Sam is convinced there’s a monster in the house. He constructs rudimentary weapons in case of all-out war (the best of which is a wooden haversack that springs a cricket ball from a catapult-like arm). Amelia of course has none of it, and confides her domestic troubles in her sister Claire (Hayley McElhinney), who has noticed an escalation in Sam’s hostile behaviour. After Sam pushes his cousin off the balcony of her treehouse one day, Claire is convinced Sam is the son of Satan, and very wisely leaves her sister to her own devices.

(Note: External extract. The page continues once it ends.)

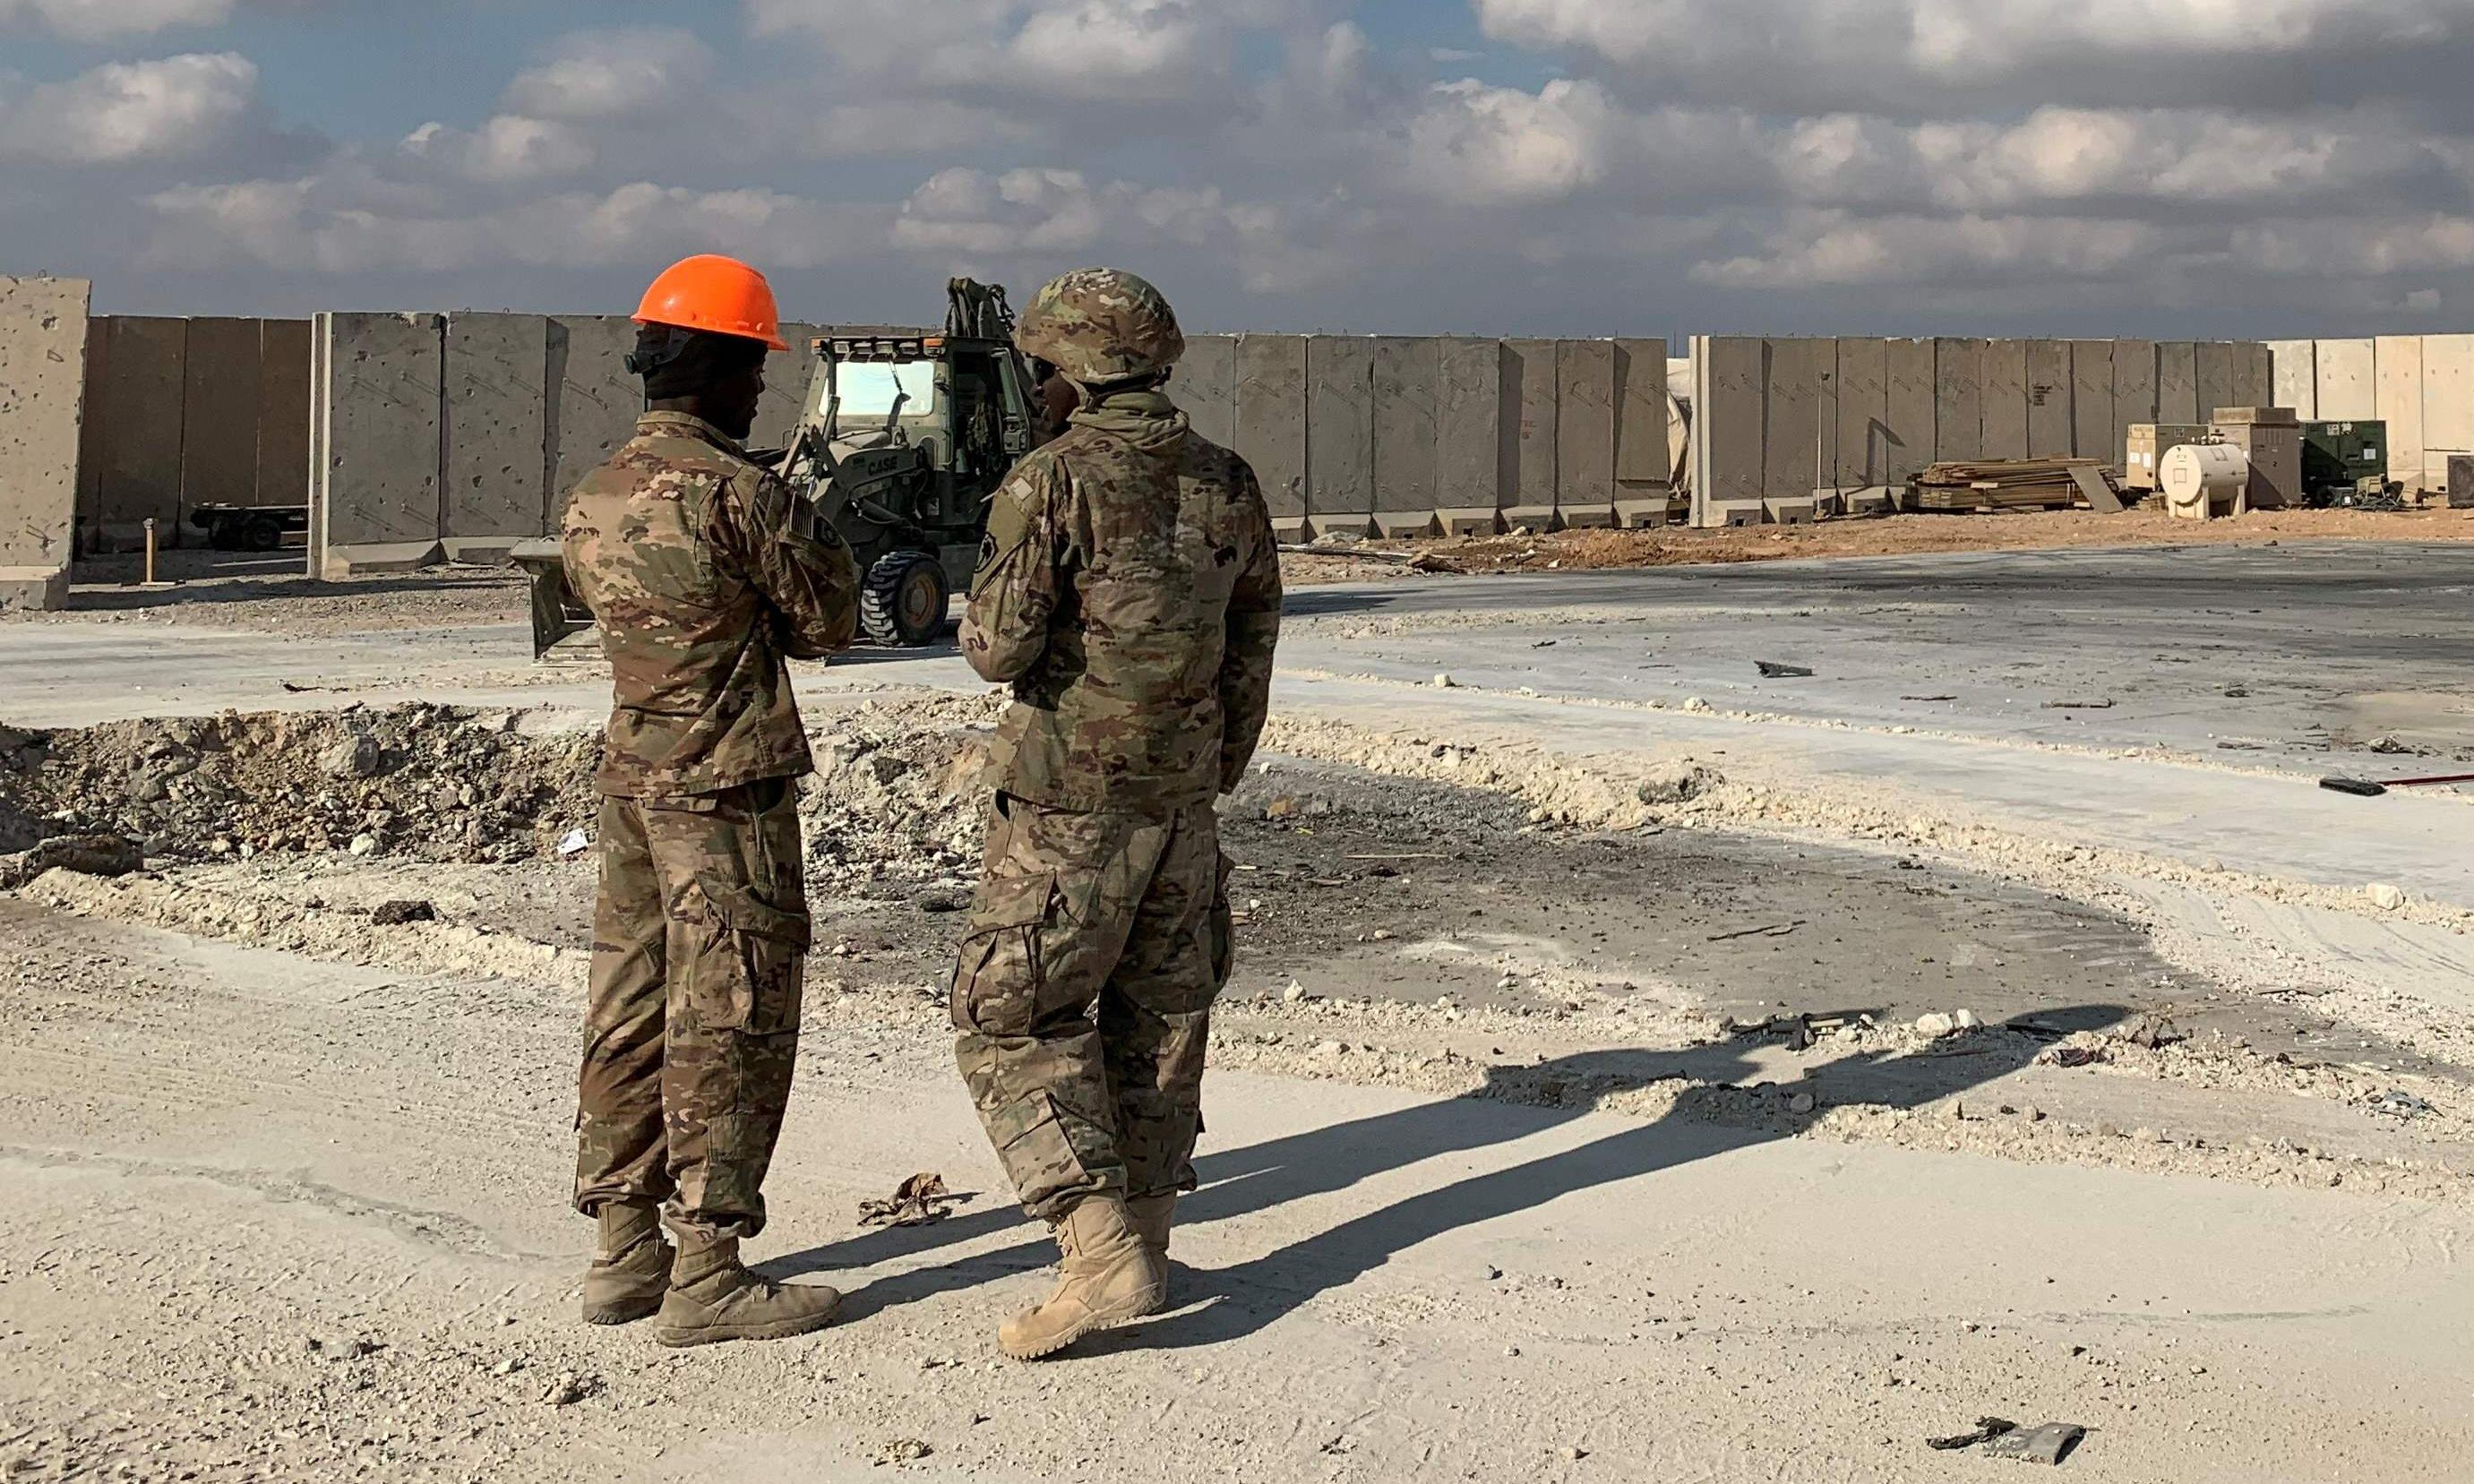 Baghdad explosions: rockets strike near US embassy in Iraq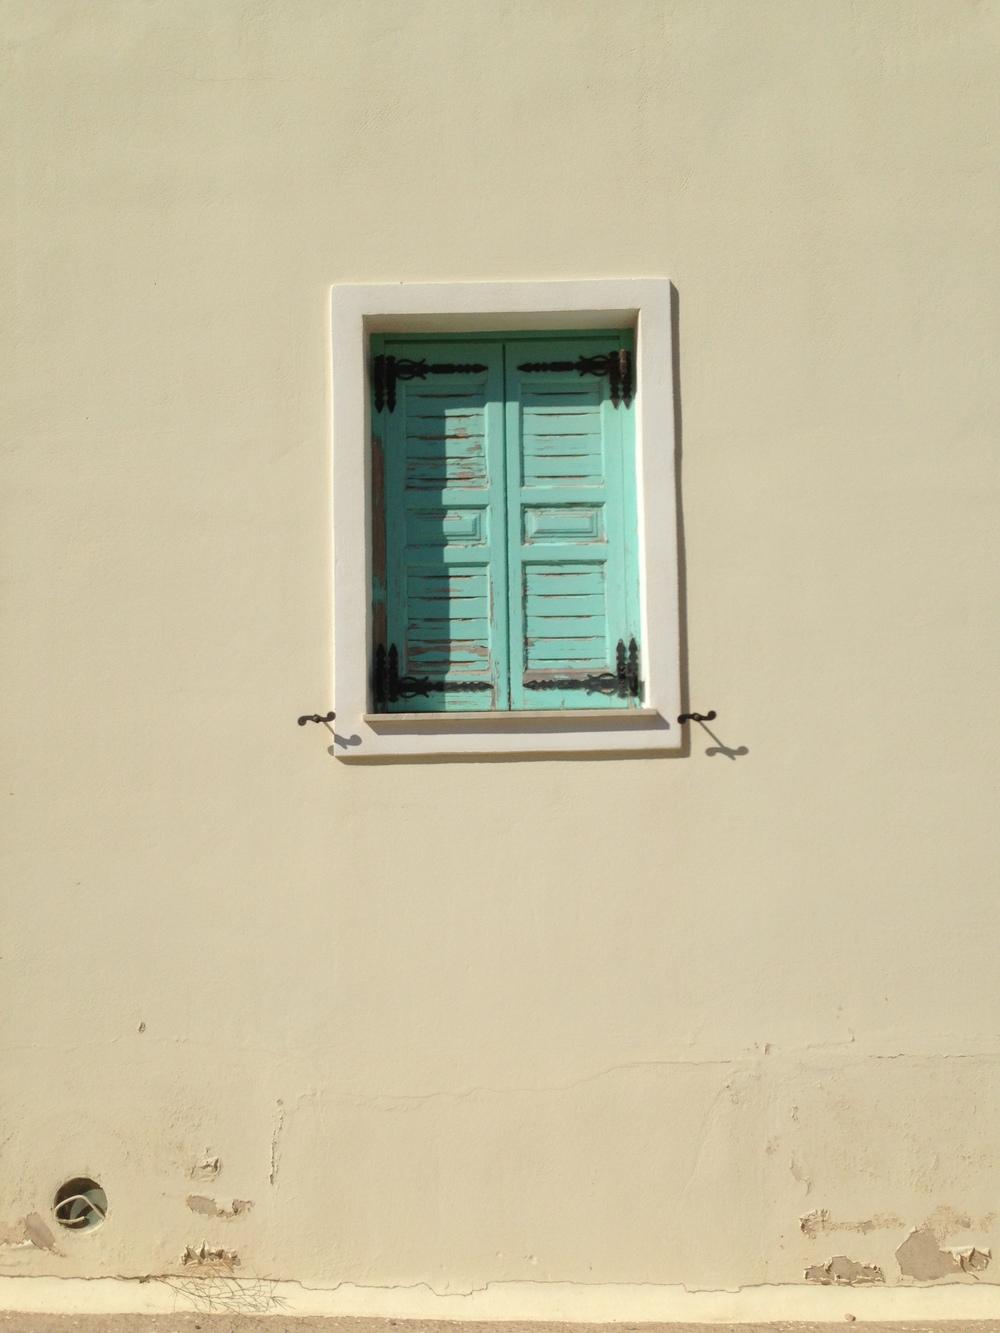 +1 window

The real trouble begins when Sam pulls a mysterious book off his shelf for bedtime reading. The book, which Amelia has never seen before, is entitled “Mr. Babadook” and is the movie’s most inspired and, dare I say it, pretty prop. In it is a sickly rhyme that Mother Goose must have rejected on many occasions, and popup images of a ghastly wraith blanketing kids in their beds. Shudder.
Now things get bad. Doors open themselves, figures appear, there are strange knocks on the front door, Amelia receives an eerie telephone call (how ghosts in movies always manage to use the telephone effectively is a mystery as confounding as the ghosts themselves). You know the drill. But because Amelia and Sam are written as strong characters and are played bravely by Davis and Wiseman, their bond upstages the spooky stuff and elevates the movie from a low-rung scarefest to a three-dimensional experience. There’s actually a moving story here, one of familial love: Mums and sons can face any danger so long as they remain vigilant and together. This is something we know, and Mister Babadook has to learn.
I return to the cheekiness I mentioned at the start of this review. Yes, The Babadook does chill your spine, but consider the whimsy of its final act. It would have drifted completely into comedy had it not been so intelligently written and refreshing. It makes the whole movie click. Of course I will be kind and not tell you what happens. All I will say is that there might be a sequel, and Mister Babadook might look to Fido the zombie for help.
Best Moment | When Mister Babadook comes down the chimney and chases a paralysed Amelia.
Worst Moment | The godawful acting by one of Claire’s gym-going friends.